In examining the impact of European Union action on member states, the concept of state autonomy is in many respects preferable as an analytical tool to its older and more juridically rooted counterpart state sovereignty (see Kassim and Menon 1996). It captures the range of mechanisms by which member-state governments are constrained to pursue particular policies even when, in formallegal terms, they are free to do otherwise. The distinction is certainly not a new one, and in the twentieth century it has shed light on the ways in which, for example, economic interdependence, transnational flows of information, and massive differences in military power, have affected the capacity of states to

obtain objectives in pursuit of which, formally speaking, they retain de jure independence. As the introduction to the first book in this series put it, ‘sovereignty identifies one attribute of the state, it does not capture all aspects of its power’ (Kassim and Menon 1996:3)
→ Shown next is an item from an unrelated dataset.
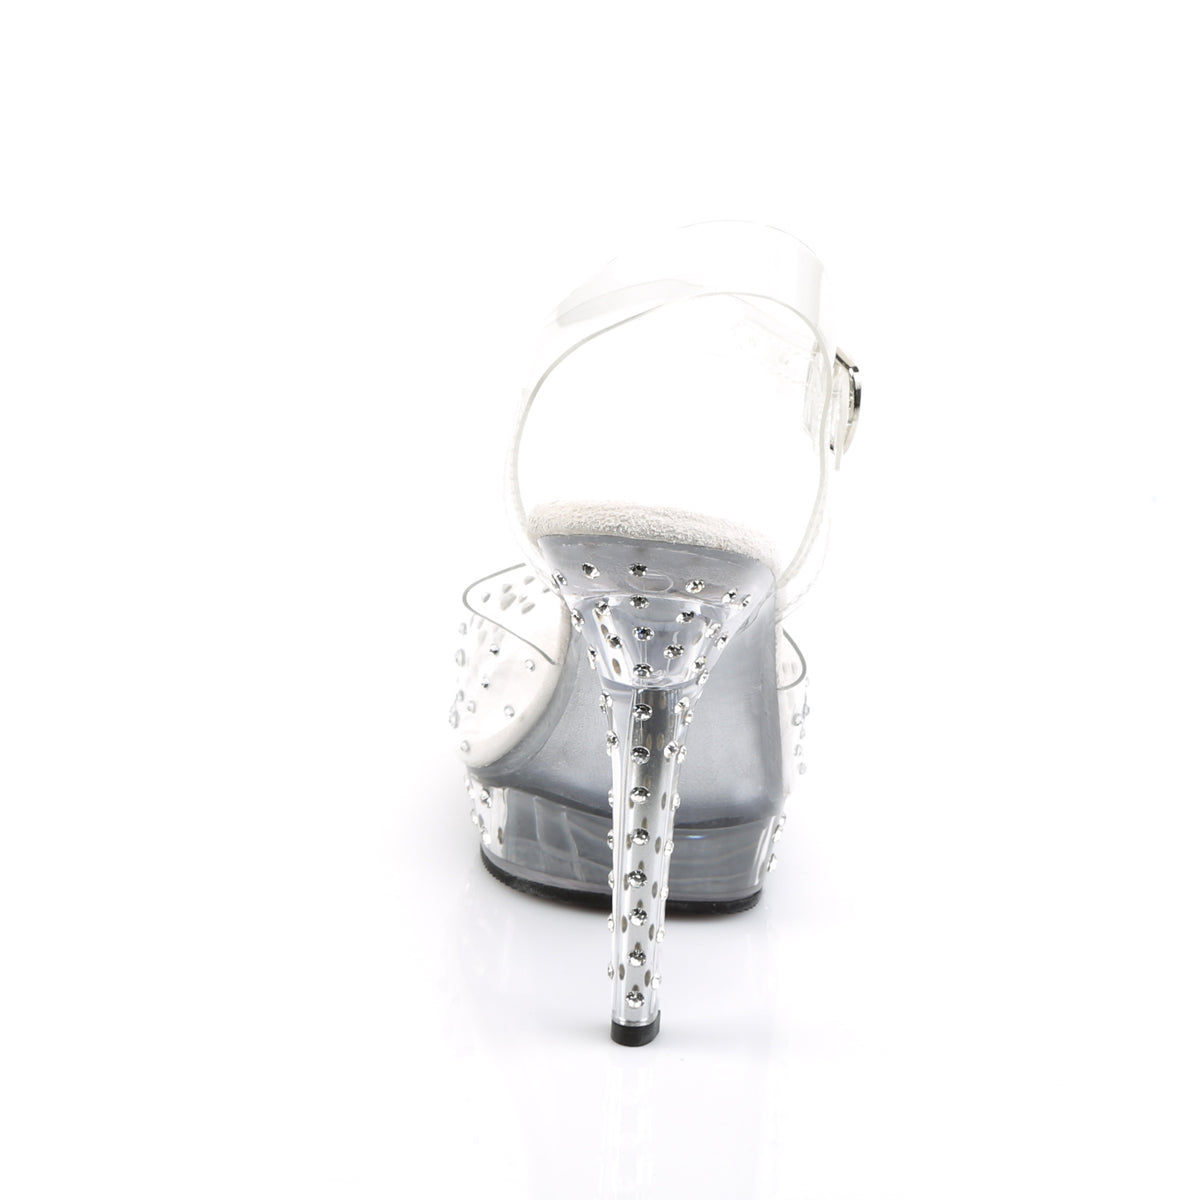 FABULICIOUS LIP-108RS CLEAR RHINESTONE BODY FITNESS 5 INCH HIGH HEEL SHOES SIZE 7

The concept of autonomy is especially apt because, as most contemporary commentators observe, policy making in the EU is pursued through multi-tiered institutions, and through complex and often obscure processes, many of which are informal. The actors involved often have multiple objectives and divided loyalties, and the networks in which they become involved cross national boundaries and operate in overlapping legal frameworks. Students of the modern state, and its autonomy in relation to domestic political and economic interests, have long recognised the significance of its inability unilaterally to determine its own destiny. The modern liberal state is not ‘autonomous’ and those who control the offices of government, albeit by democratic election, are not able to choose policy goals freely or to implement their policy preferences as they desire. They are constrained by the checks and balances of liberal institutions, and by the social pluralism that creates the powerful interest-group actors with which they must reckon. It would therefore have been surprising if the literature which has developed on European institutions and policy making over the last two decades had not developed a similar conventional wisdom about the impact of action and policy development by the EEC/EC/EU on the autonomy of member states.